Sunday, May 9, 2004


Fashion has little to hang on

At this year’s LIFW, the spotlight was on Jesus-inspired robes and gypsy skirts and tops, writes Vimla Patil.

‘After death’ was the theme of Shantanu and Nikhil Mehra’s collection
‘After death’ was the theme of Shantanu and Nikhil Mehra’s collection

THE Lakme India Fashion Week (LIFW) seems to have brought out the worst in some of India’s eminent designers. Why else should fashion concern itself with eerie concepts like ‘After death’ or ‘The Resurrection of the Lord’? Or for that matter with the costumes of India’s gypsy communities? Yes, some of the most written-about haute couture collections for Fall-Winter 2005 featured such themes.

Take the collection of Shantanu and Nikhil Mehra. Making ‘Divine innocence’ their theme, this duo showcased 40 garments reflecting spiritual moods. "We glorify a woman’s innocent appeal," is how they described their ensembles. "The collection we present conjures images of the ‘great event’ leading to the redemption of mankind with the arrival of Christ in this world."

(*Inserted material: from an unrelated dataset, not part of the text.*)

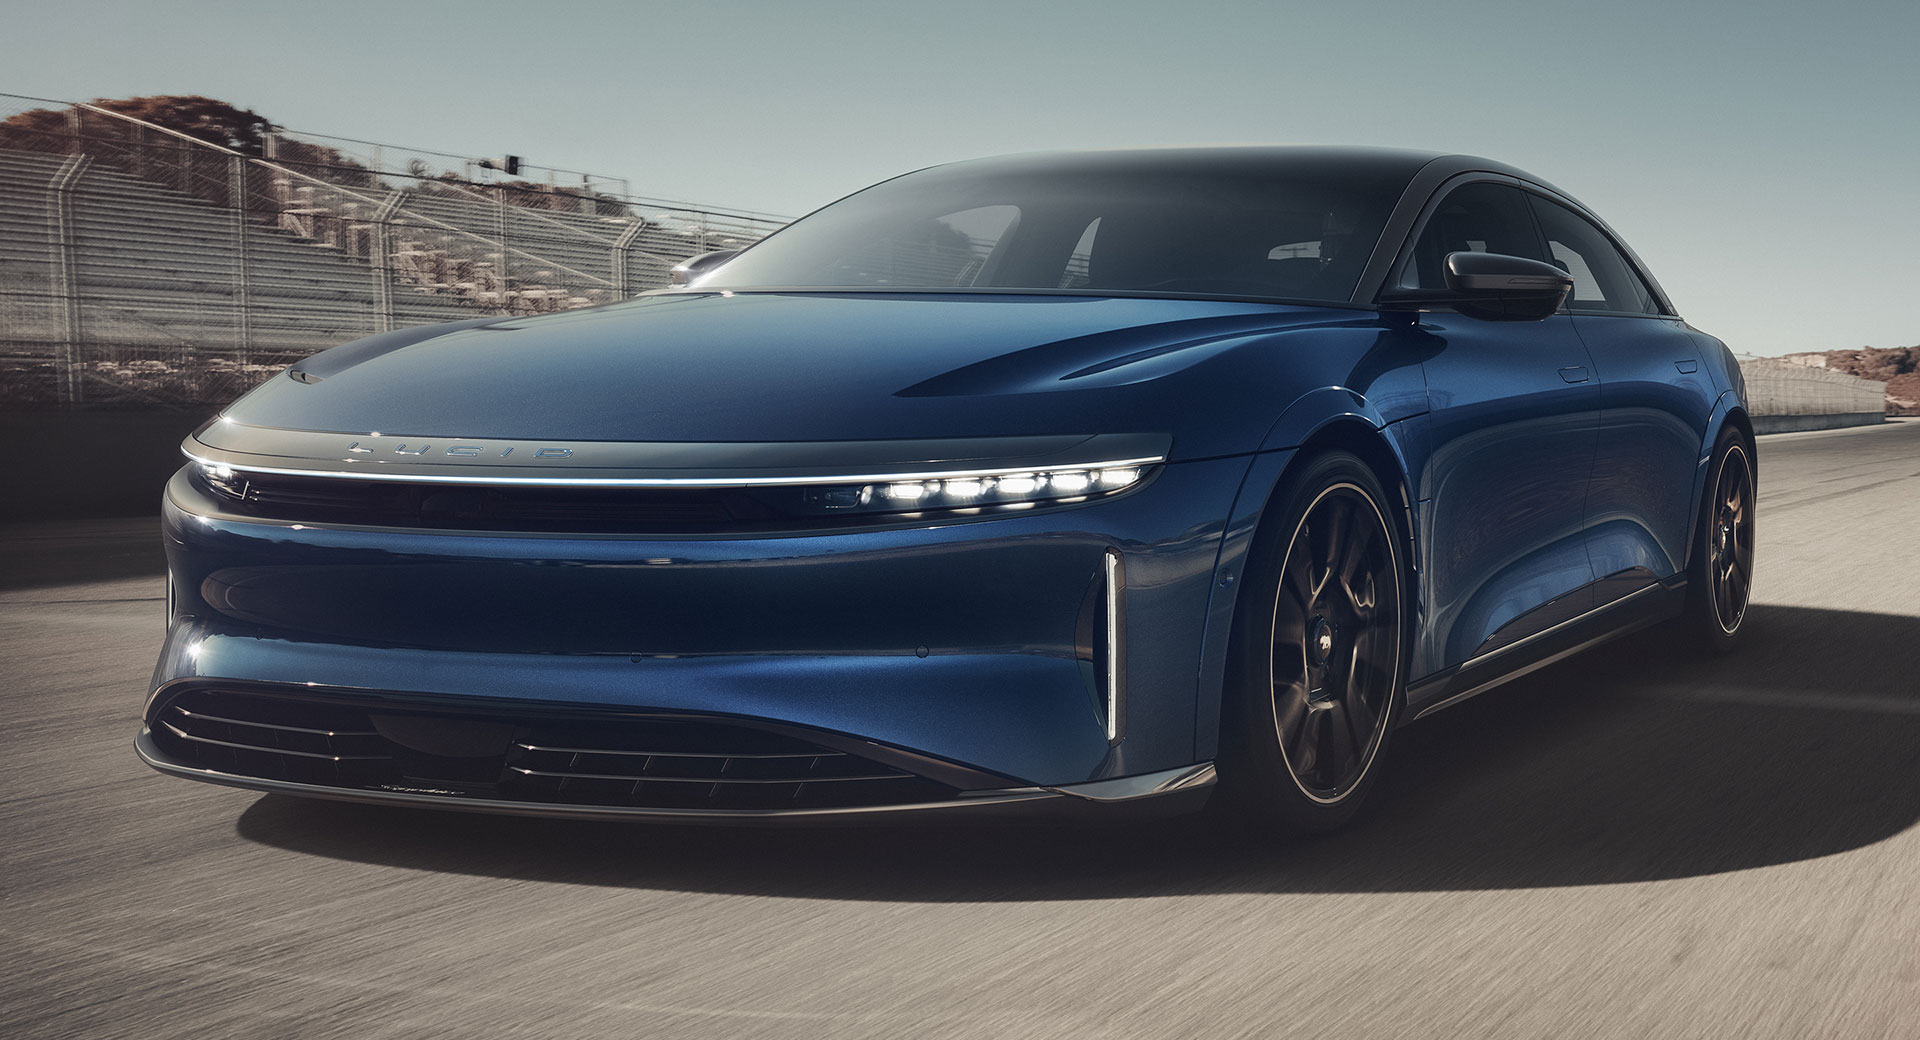 Portico Grønne bønner mønster Lucid Air Sapphire Runs To 60 MPH In 1.89 Seconds, Can Hit 205 MPH |  Carscoops

"The human body has often been referred to as the crown of God’s creation. We are using contemporary styling, the colours of divinity--- dusky antique gold and amber--and attractive silhouettes to recreate the Biblical era. The layered skirts and dresses, to be worn with short jackets, backless tops and cowl-neck tops, have all been decorated with metallic accessories, like coins resembling those in the Biblical age," they say. The fabrics used are antique rayon, Victorian silk, wool with dyed effects and chiffon.

Pria Kataria Puri’s collection was inspired by the gypsies of India
Pria Kataria Puri’s collection was inspired by the gypsies of India

Models carry a chariot as they present creations of designer Kiran Uttam Ghosh at the LIFW in New Delhi
Models carry a chariot as they present creations of designer Kiran Uttam Ghosh at the LIFW in New Delhi

Interesting jewellery has been created to depict the freedom of spirit which came after Christ’s crucifixion.

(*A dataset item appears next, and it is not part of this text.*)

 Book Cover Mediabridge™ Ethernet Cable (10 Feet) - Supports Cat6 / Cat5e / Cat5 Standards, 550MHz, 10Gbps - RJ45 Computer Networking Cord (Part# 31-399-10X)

The other look which swept this year’s LIFW is Pria Kataria Puri’s ‘Gypsy glamour’ that celebrated the free life of India’s gypsy communities. "My collection focuses on the feminine mystique," says Pria, "We are back to the 1950s’ glamour with rich embroidery on exotic colours, like smoky topaz, deep coral, scarlet, pomegranate, olive and rich chocolate`85The look depends upon excellently draped skirts paired with fitted jackets to emphasise the sensuality of the feminine form."

Most designers at this event agreed that the future of India’s fashion industry depended largely on the pret lines it can market. Unlike the past, when designers catered only to high-end customers, today most of them produce clothes which can be sold at fashion stores and are available to upper middle-class buyers. "The Indian pret market is growing by 35 per cent each year," the designers say.

Many international designers and fashion house buyers are now coming to India to source good collections. The quantum of readymade or pret clothes production is getting bigger every month. Pret will rule the Indian fashion scene for the years to come and the business will grow from 35 per cent to 50 per cent in the next two years. Accessories like bags, belts and jewellery will be India’s vibrant contribution to the world fashion scene, they feel.